Riciclo tessile: una legge cinese minaccia la filiera mondiale
Pechino ha deciso di bandire le importazioni degli scarti destinati a essere riciclati. Una decisione che riguarda 24 materiali, tra cui plastica, carta e tessuti, ossia il 70% degli scarti spediti nell’Impero di Mezzo. Secondo gli specialisti, tale misura potrebbe accrescere gli sprechi tessili e impattare in modo pesante sulla filiera del riciclo.
È ciò che sostiene l’Institute of Scrap Recycling Industries (ISRI), l’organismo americano di riferimento per il settore, che ricorda come la regolamentazione cinese in tale ambito si sia progressivamente richiusa, dai neon nel 2007 ai prodotti elettronici nel 2013. Di fronte all’impennata degli scarti domestici, l’obiettivo di Pechino è di non aggravare ulteriormente l’inquinamento del Paese con gli scarti provenienti dall’estero.

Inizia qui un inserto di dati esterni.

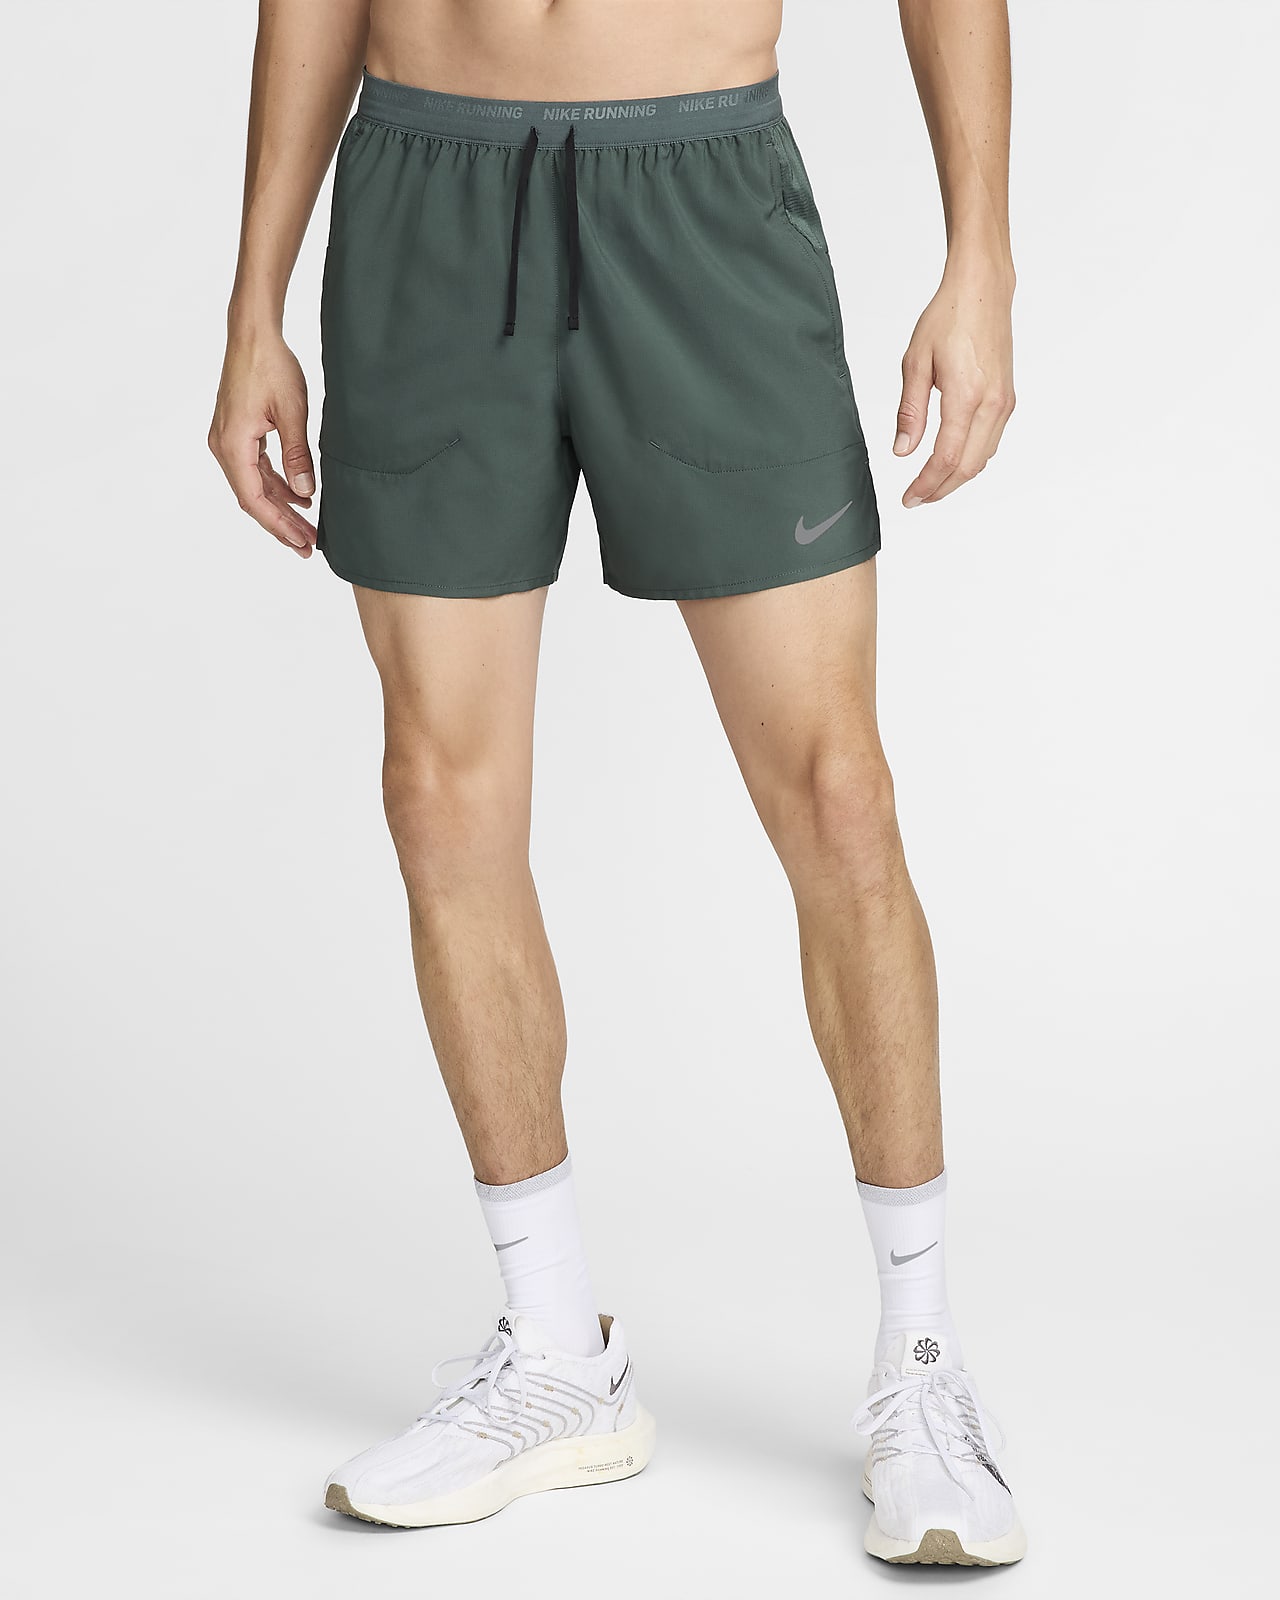 Nike Stride Dri-FIT 13 cm-es, belső rövidnadrággal bélelt férfi futórövidnadrág

Per il tessile come per gli altri materiali, delle alternative alla Cina esistono. “La domanda cresce in India, nel Sud Est asiatico e in America Latina, ma non abbastanza per coprire quello che spediamo attualmente in Cina”, ha sottolineato l’ISRI. “Inoltre, noi stessi non abbiamo la capacità di riciclare tutto ciò che gli Stati Uniti producono senza esportare”.
Nel 2016 la Cina è stata la destinazione del 27% degli scarti esportati a livello mondiale, provenienti principalmente dagli Stati Uniti, con 5,2 miliardi di dollari di materiali solo lo scorso anno. Un modello sul quale sono nati ecosistemi specializzati in Nord America e in Europa e reti industriali dedicate in tutta l’Asia.